Friday, 27 November 2015

So easy to forget

I mentioned recently in a tweet how, when seeing the copy edit of a book I'd written ('Hard Cover' - in the Marc Portman series, since you ask) I found I'd forgotten some of the details.

Nothing huge.... well, apart from a couple of characters' names and a plot point or two. Who? Did I write that? I mean, it's not as if I hadn't been living and breathing them for several months during the writing, so how come they'd slipped so easily from my mind, like melting snow off the roof?

As it happens, quite easily. And it reminded me of a freelance pilot I used to know years ago, who once told me his brain was full. When I questioned this (we were in a car at the time and he was driving very fast down a narrow road with one eye on the mirror - and the comment had come unbidden out of nowhere), he explained that he had to remember so much information related to flying, such as call signs, weight and load factors, airport, route and weather details and all manner of other statistics, most of which were related to keeping him in the air or placing him in jail if he got it wrong. (He didn't elaborate further, he was that sort of pilot. But I rather thought that jail was the least of his problems, since the alternative to not staying in the air for a pilot was probably death - although he didn't seem to consider that somehow).

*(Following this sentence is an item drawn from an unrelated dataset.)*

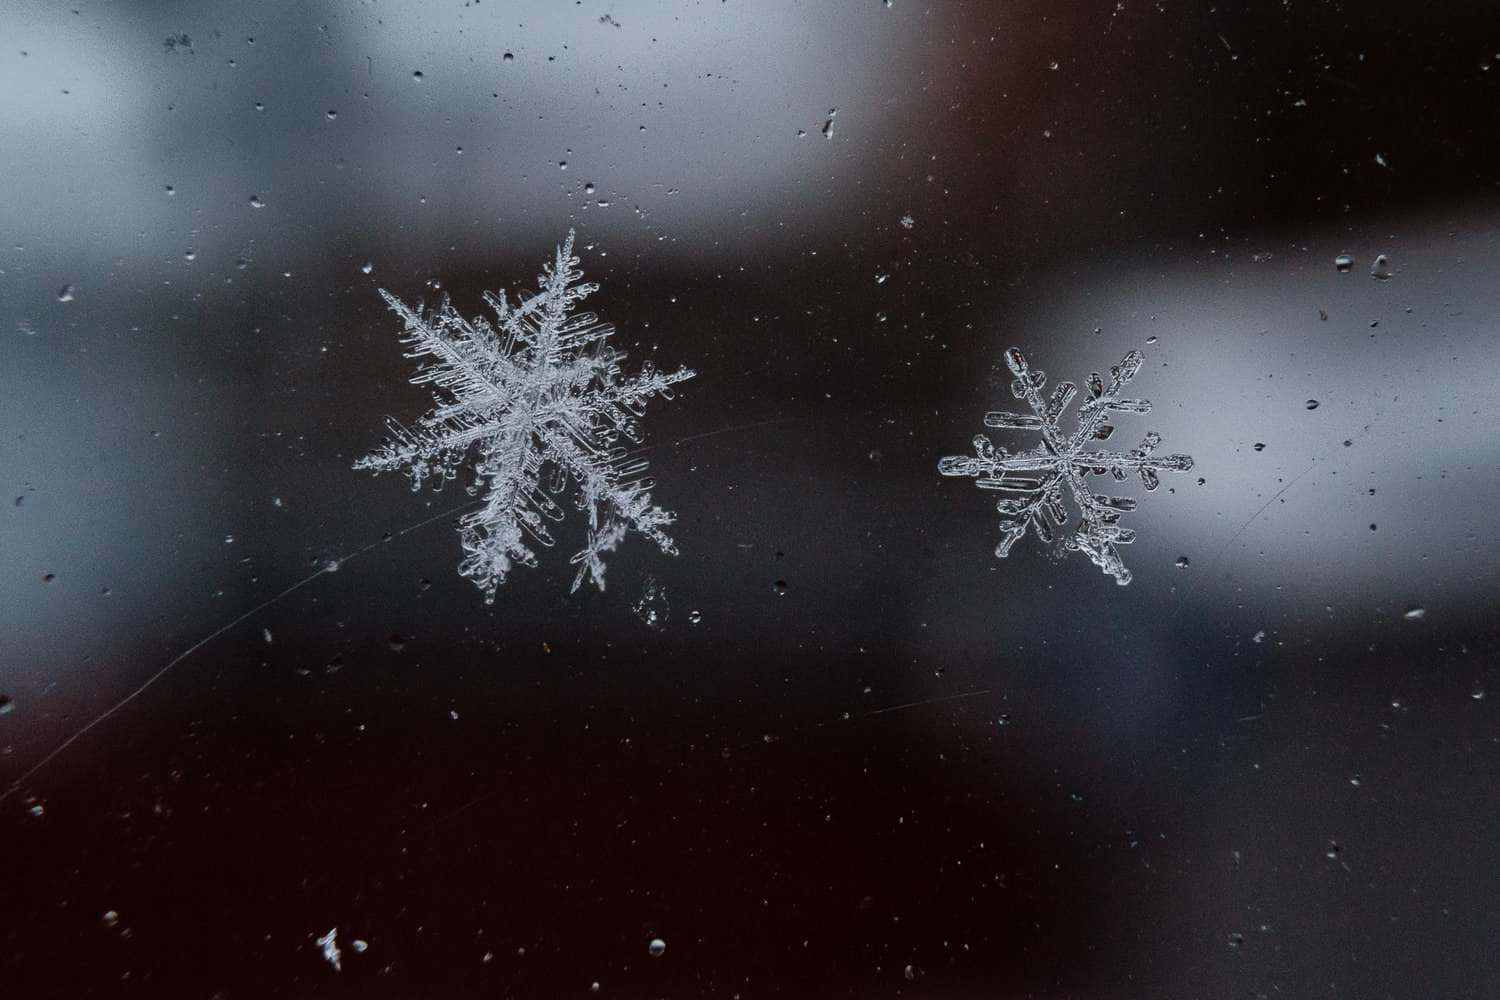 Winter wonderland of snowflakes

I didn't think about it too much at the time, as I was wondering teeth-clenchingly how long it was going to be before we met a tractor, truck or a herd of animals head-on. We didn't, thankfully, but it was a close call. However, since then, I've begun to realise what that pilot was talking about, and how easy it is to feel that one's brain, like a hard drive, can get overloaded.

Take the book I mentioned above, details of which now seem sketchy. I wrote it about six months ago after a lot of research, sent it off... and promptly began another one. Out with the old and in with the new; clear the decks and start working on new characters, new scenes, new settings... and a whole bunch of new research. That's pretty much my writing life.

I'm sure I'm not alone in this. Life has a habit of piling on facts and figures, names and details (internet passwords alone are never-endingly added to) that it's no surprise if some of us begin to feel overwhelmed by having to absorb so much new information which demands to be recalled at the drop of a hat.

So what chance does a writer have, switching from one set of facts, figures or characters, probably never to be encountered again, to having to immerses themselves in a whole new set?

Don't get me wrong, I'm not complaining. I'd far rather have this minor problem to deal with than any that I used to have in a former life. But if you're ever at an author event and ask about a character or event in the author's book, don't be too surprised if you see them quietly having a goldfish moment.

Just for a few moments, they're probably wondering if you're talking about another author altogether.